#### RECORDS SHOWN
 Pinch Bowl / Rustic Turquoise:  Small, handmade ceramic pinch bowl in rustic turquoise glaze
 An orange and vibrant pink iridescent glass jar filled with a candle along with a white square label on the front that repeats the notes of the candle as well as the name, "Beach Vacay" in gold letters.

* * *

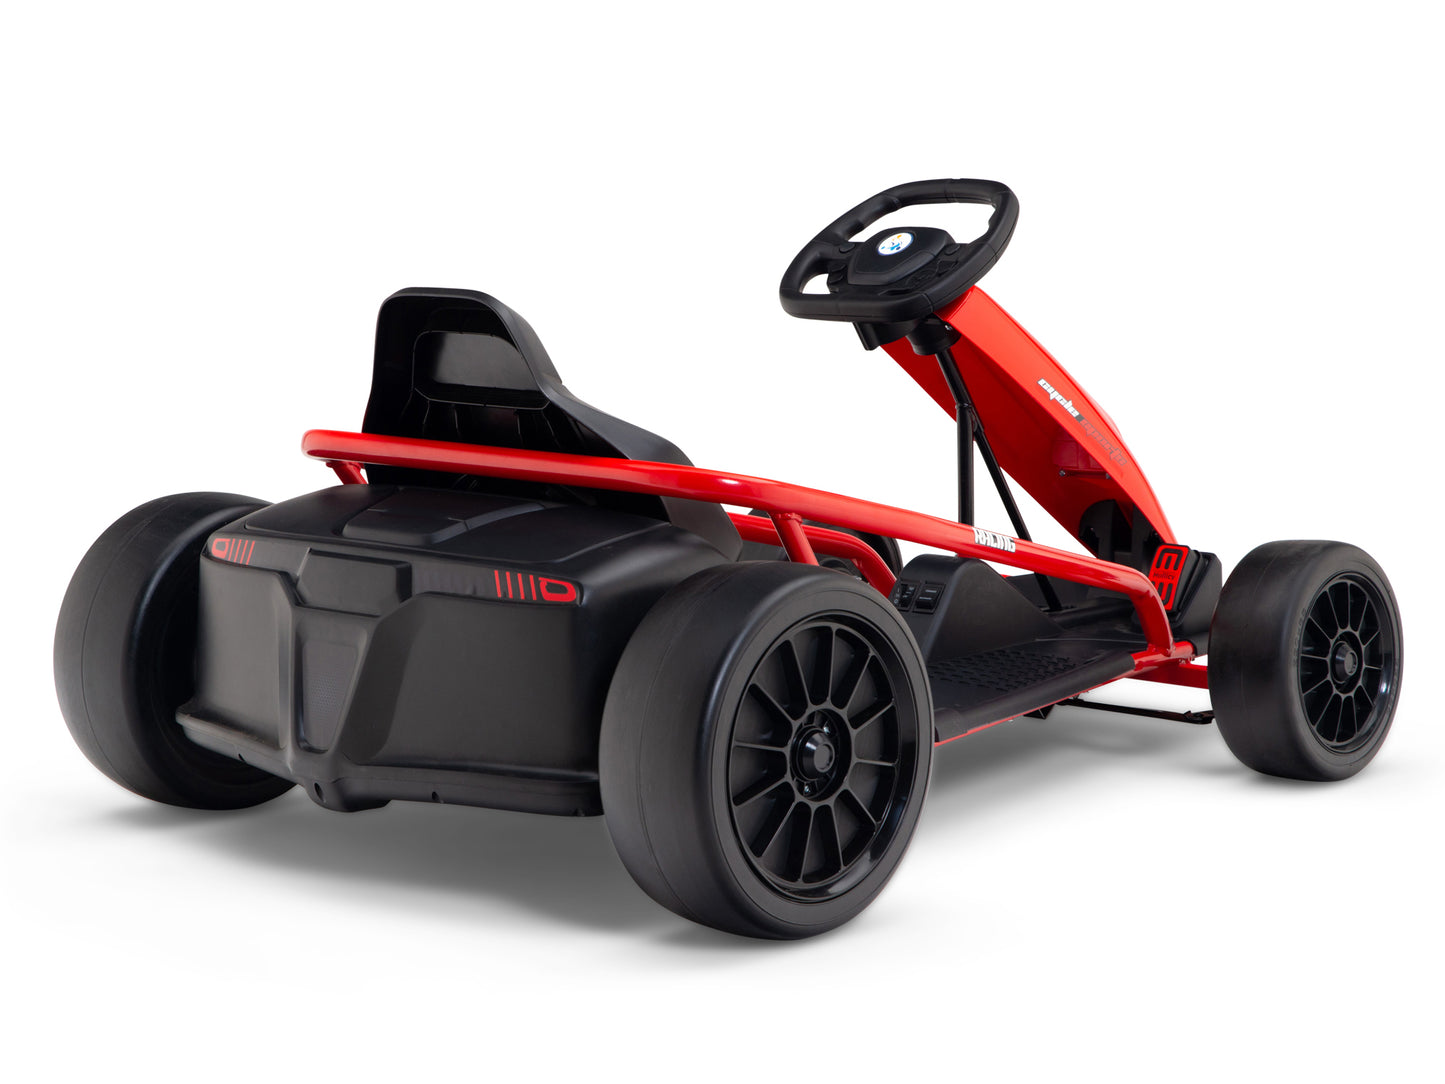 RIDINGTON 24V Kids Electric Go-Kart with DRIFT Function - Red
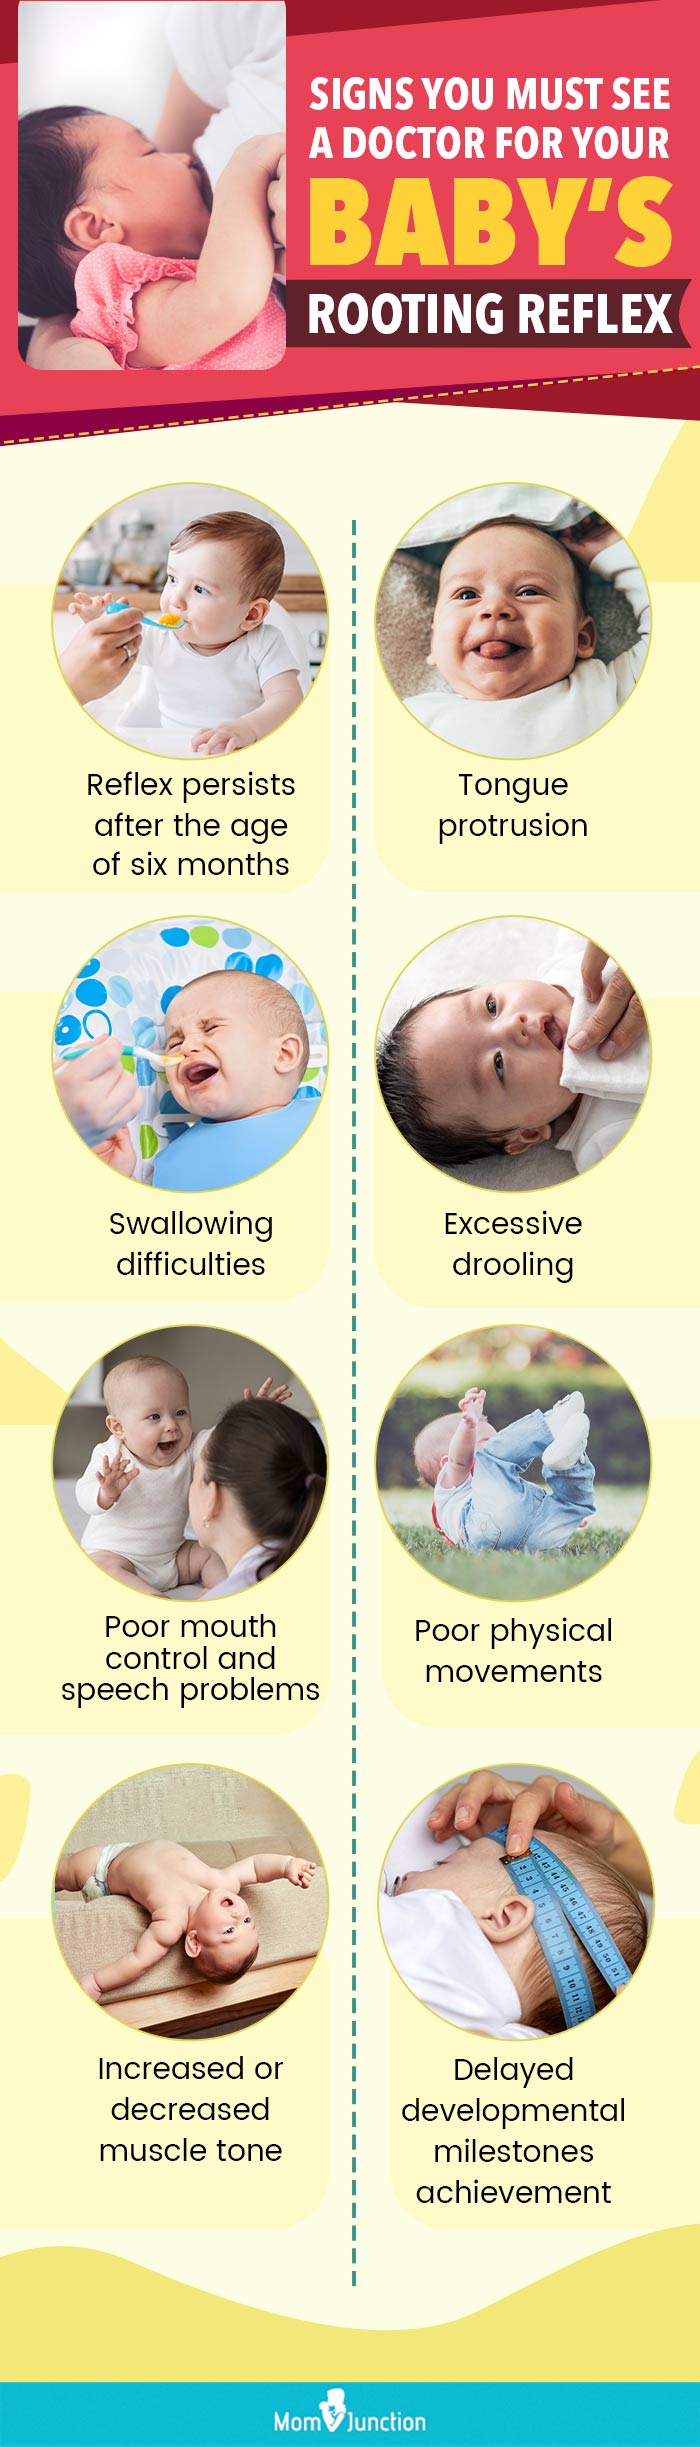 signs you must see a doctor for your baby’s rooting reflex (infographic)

#### WORK REQUEST
Once you reach the line with "Pinch Bowl /" in the data above, copy it and every line after it exactly, up to and including the line with "An orange and".

#### FINISHED EXERCISE
 Pinch Bowl / Rustic Turquoise:  Small, handmade ceramic pinch bowl in rustic turquoise glaze
 An orange and vibrant pink iridescent glass jar filled with a candle along with a white square label on the front that repeats the notes of the candle as well as the name, "Beach Vacay" in gold letters.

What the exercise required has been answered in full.